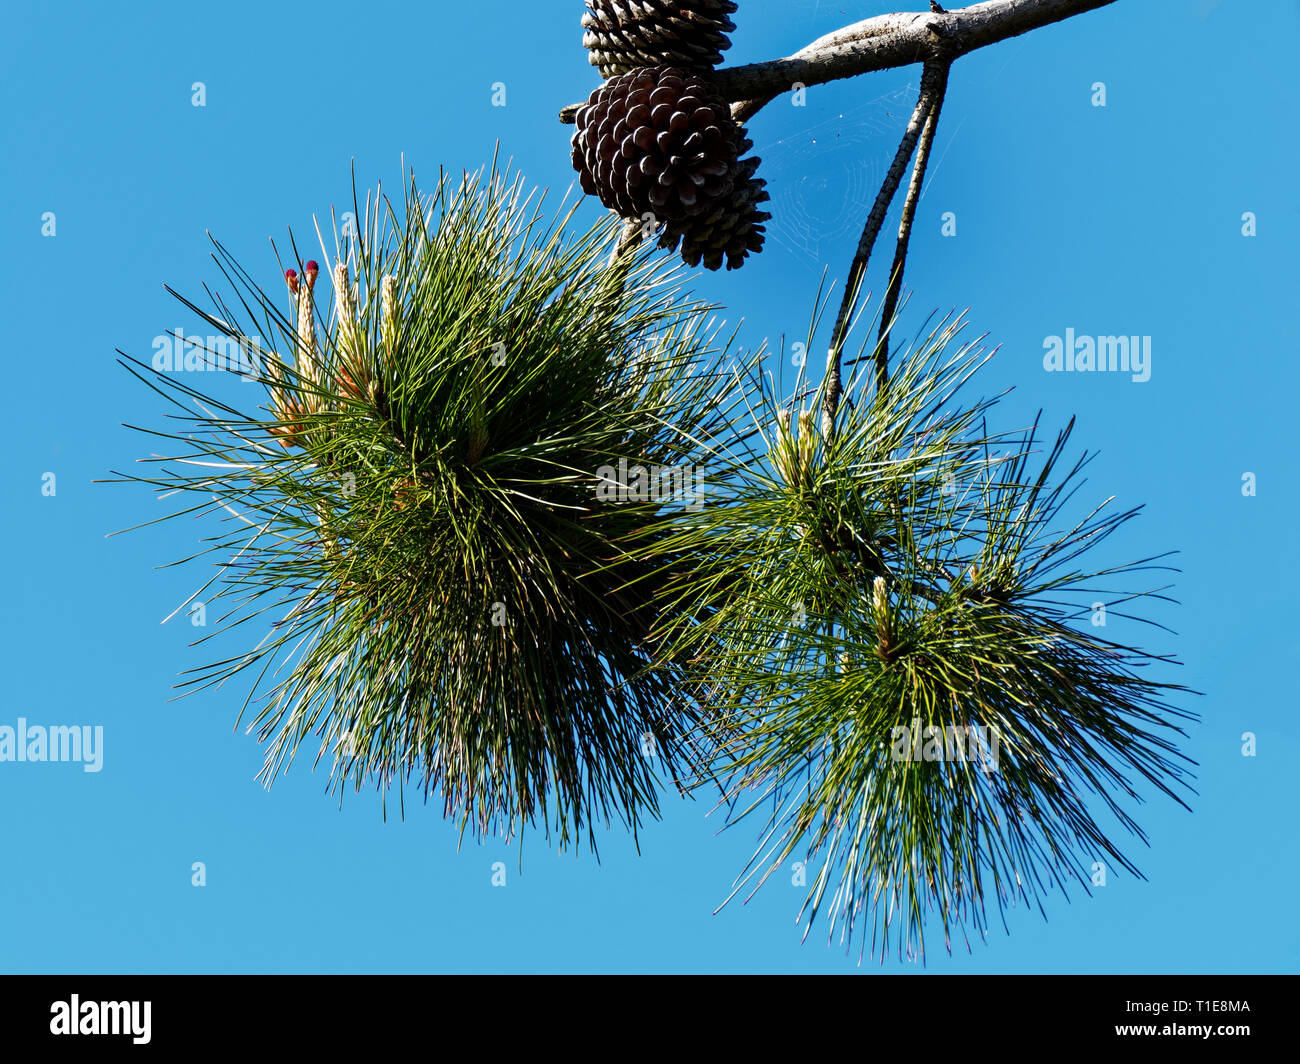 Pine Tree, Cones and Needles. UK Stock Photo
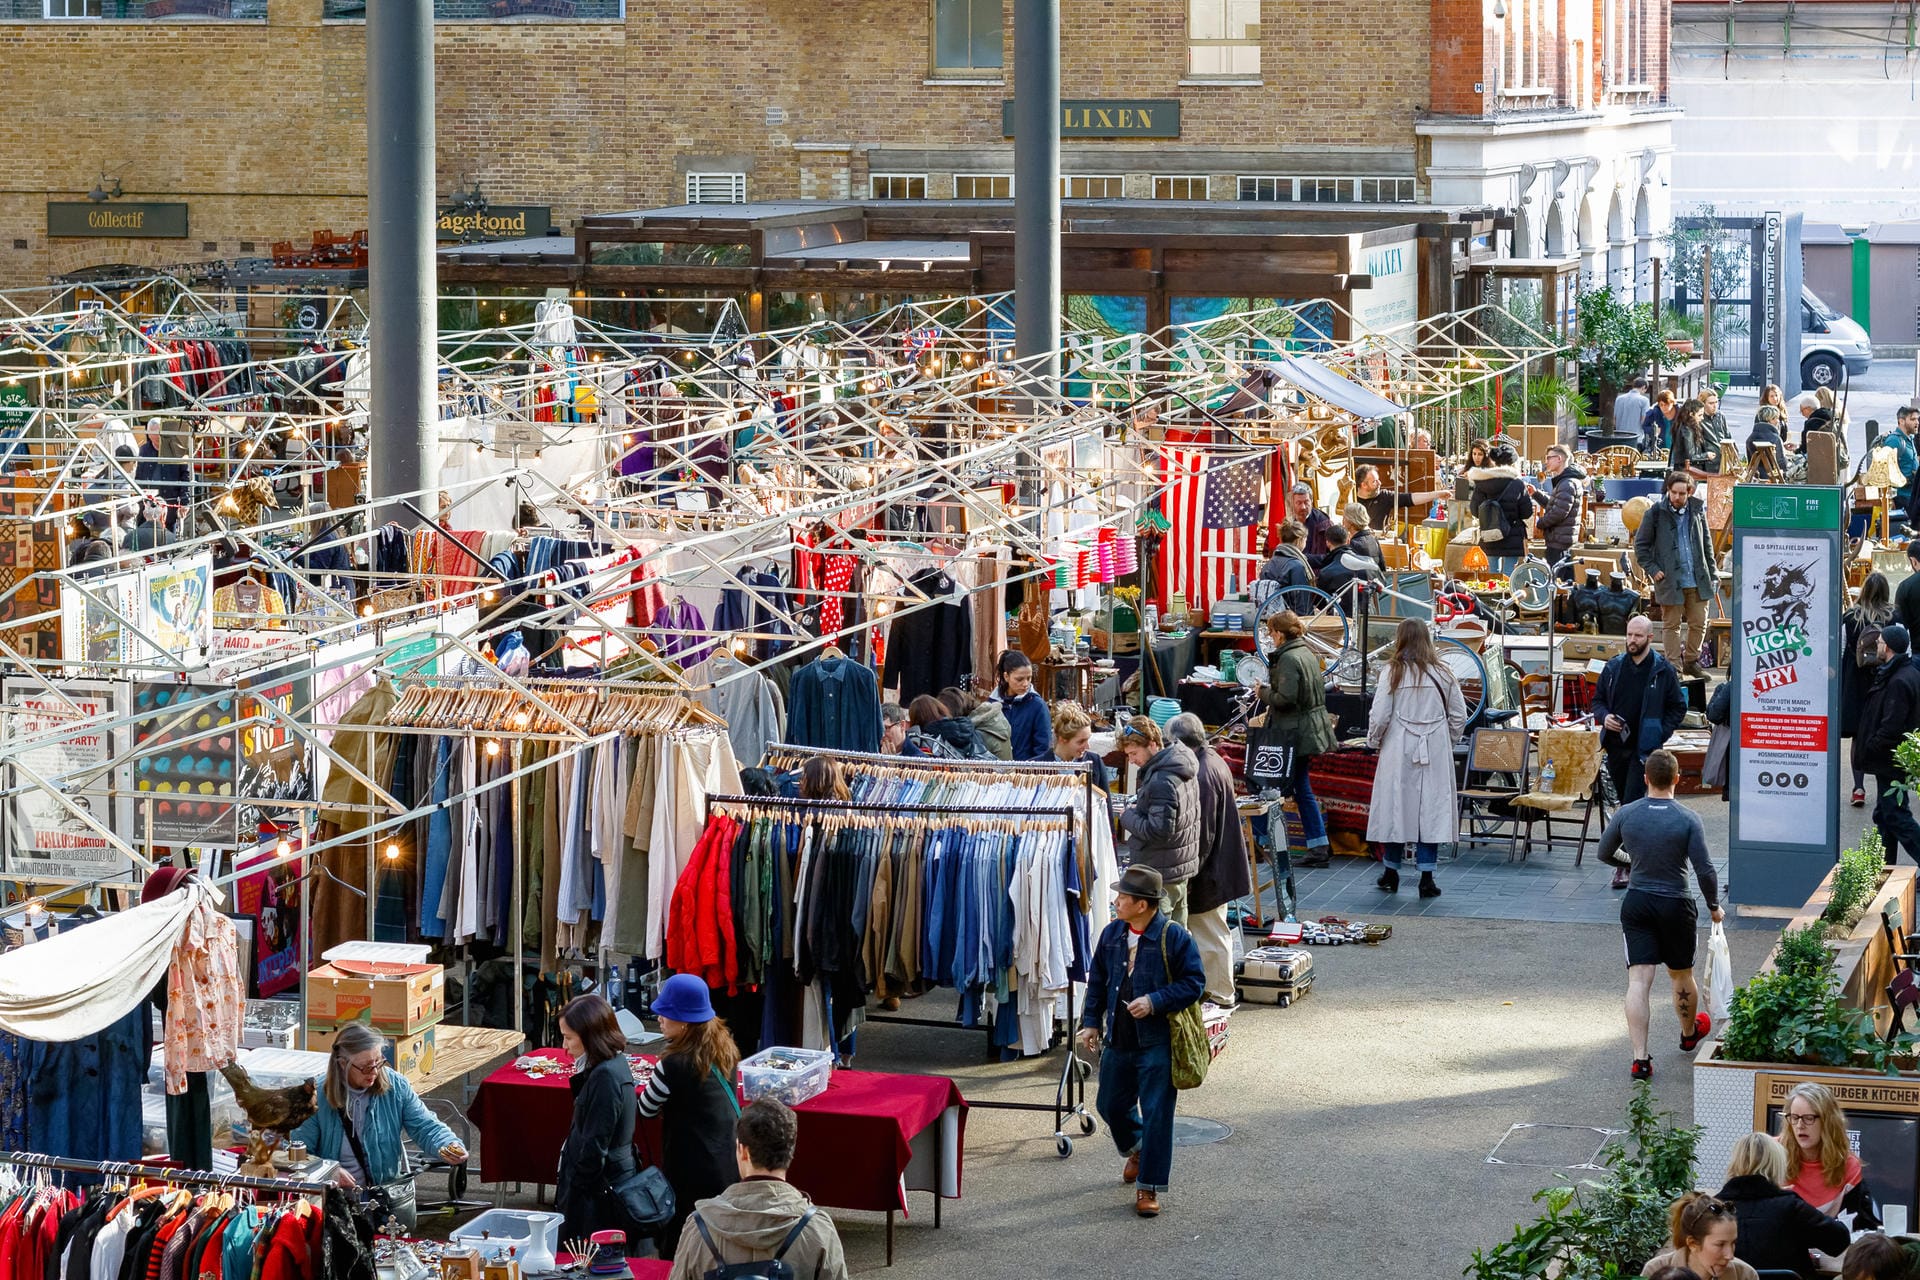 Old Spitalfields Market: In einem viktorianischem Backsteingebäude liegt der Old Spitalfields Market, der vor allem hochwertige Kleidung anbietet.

++++++++++

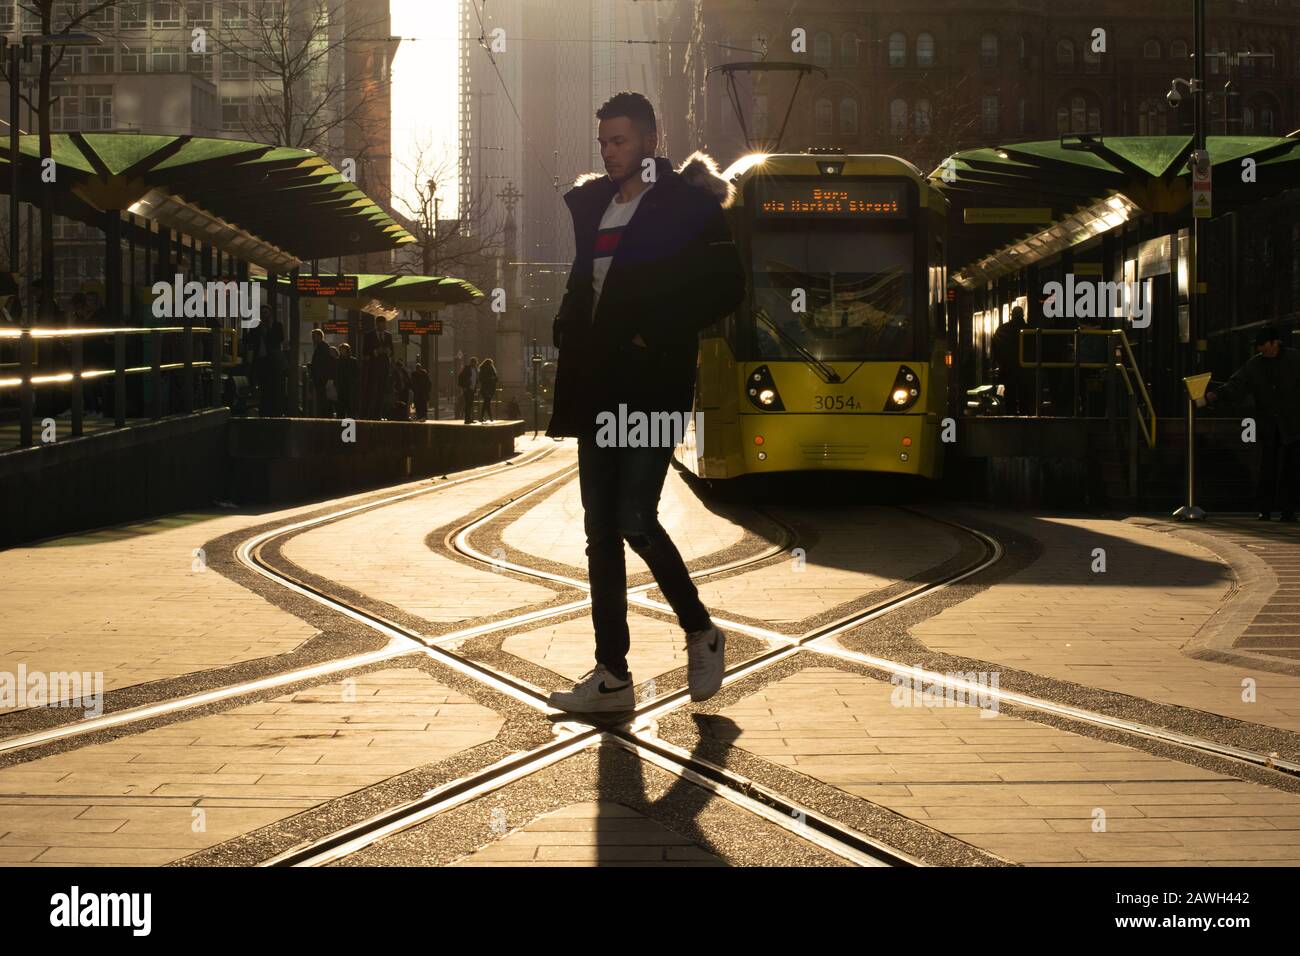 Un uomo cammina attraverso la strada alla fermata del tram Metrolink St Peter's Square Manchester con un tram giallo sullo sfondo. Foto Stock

++++++++++

= WHAT IS BEING ASKED =
Everything between and including the line above containing "Pine Tree, Cones and Needles. UK Stock Photo" and the line containing "Old Spitalfields Market: In" should be reproduced exactly, with pictures excluded.

= ANSWER TO THIS EXERCISE =
 Pine Tree, Cones and Needles. UK Stock Photo
 Old Spitalfields Market: In einem viktorianischem Backsteingebäude liegt der Old Spitalfields Market, der vor allem hochwertige Kleidung anbietet.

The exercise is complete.